"Assessment of Policy Interrelationships and impacts on Sustainability in Europe - The APRAISE 3E Method" aims at enhancing policy makers’ insights on the effects of (a set of) policy instruments toward environmental goals and sustainability. For this, the project takes as a starting point that policy makers, when designing policies and selecting policy instruments, make use of the best available knowledge of how policy instruments work in terms of direction and strength towards achieving a goal and how goals can be achieved with lowest resources.
In reality, however, the optimal outcome which policy makers expect to achieve by means of a given set of policy instruments (based on efficacy knowledge) is often not realized in practice. In other words, the actual effect of policy instruments (effectiveness) could in practice deviate from expectations. Such deviations are explored in APRAISE by evaluating case studies in six categories in seven EU Member States (Austria, Estonia, Germany, Greece, the Netherlands, Slovenia and the UK, with a specific focus on whether:
- 1 the economic or political context for policy instruments was different from the one expected,
- 2 the implementation of the policy instrument was hampered or facilitated unexpectedly, or
- 3 Interactions of the assessed policy instrument with other policy instruments gave rise to deficiencies or synergies.

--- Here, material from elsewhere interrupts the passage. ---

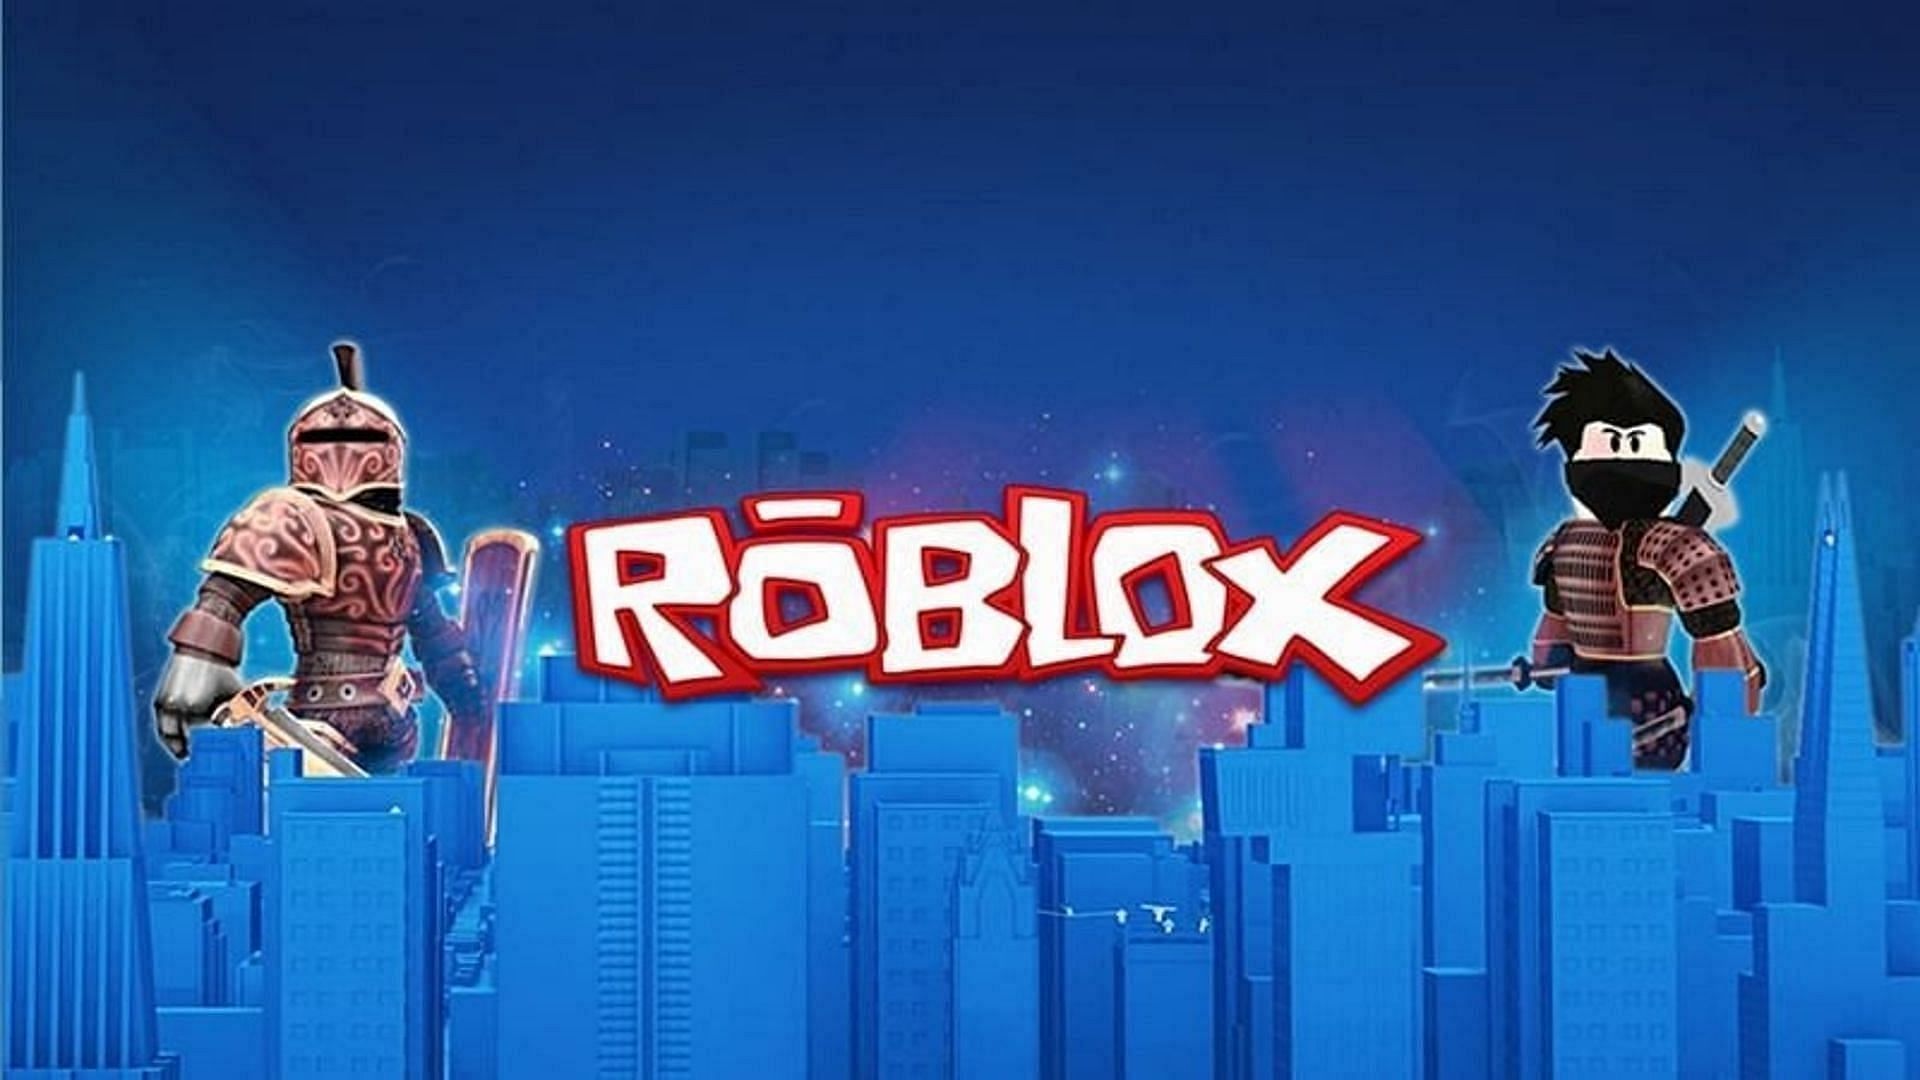 Dominus Roblox Wallpapers - Top Free Dominus Roblox Backgrounds

In addition to a policy evaluation with help of environmental policy case studies, APRAISE also applies a set of modeling instruments to assess the influence of environmental policy instruments on the state of the environment and sustainability more generally. With this more quantitative approach ex- ante views (scenarios) can be developed on how implementation of policy instruments leads to the adoption of environmental technologies and how this supports ecological sustainability and economic performance. In APRAISE, modeling elicits the effects a policy instrument is expected to exert under optimal conditions (efficacy) and the relation of these effects to the incurred costs (efficiency).
A variety of models is used in APRAISE for efficacyand efficiency assessments, which basically serve two different purposes. The Business Strategy Assessment Model (BSAM) models the decision-making process of power suppliers concerning the technologies employed for producing electricity. This combined model also shows how this decision making process is influenced by relevant environmental policies. This approach will thus represent the bottom-up perspective to the efficacy and efficiency of environmental policy instruments and provide us with ideas as to how many environmental technology devices are or will be installed and what their environmental effects will be.
By contrast, the model Global Trade Analysis Project (GTAP) in combination with VTT TIMES, models the macro-economic effects arising from environmental policy instruments and the investment in the corresponding technologies induced by them. The effects include the impact of these investments on growth, employment and foreign trade. This group of models assumes a “social planner” perspective, looking at, and assessing, the relevant policy effects from a top-down perspective.
While both bottom-up and top-down approaches are able to model the combined, cumulated effects of several policy instruments, only the former can model policy interaction endogenously – showing how one policy instrument possibly supports or inhibits another one in achieving its intended effect. In APRAISE, a broader understanding of interaction is employed, including for instance policy instruments affecting the environmental policy to be assessed, but being employed in other sectors and intended primarily to address completely different issues.
Hence, quantitative modeling will be used in combination with the case studies. The qualitative parts will assess the diversity and complexity of policy interactions, while the quantitative (modeling) parts contribute absolute figures and the basic trends governing them.
The results of both the empiric and model-based analysis concerning the effectiveness, efficacy and efficiency of the investigated environmental policies and their interaction with each other and with other policy fields are consolidated for the environmental sectors considered, allowing for an integrated policy assessment.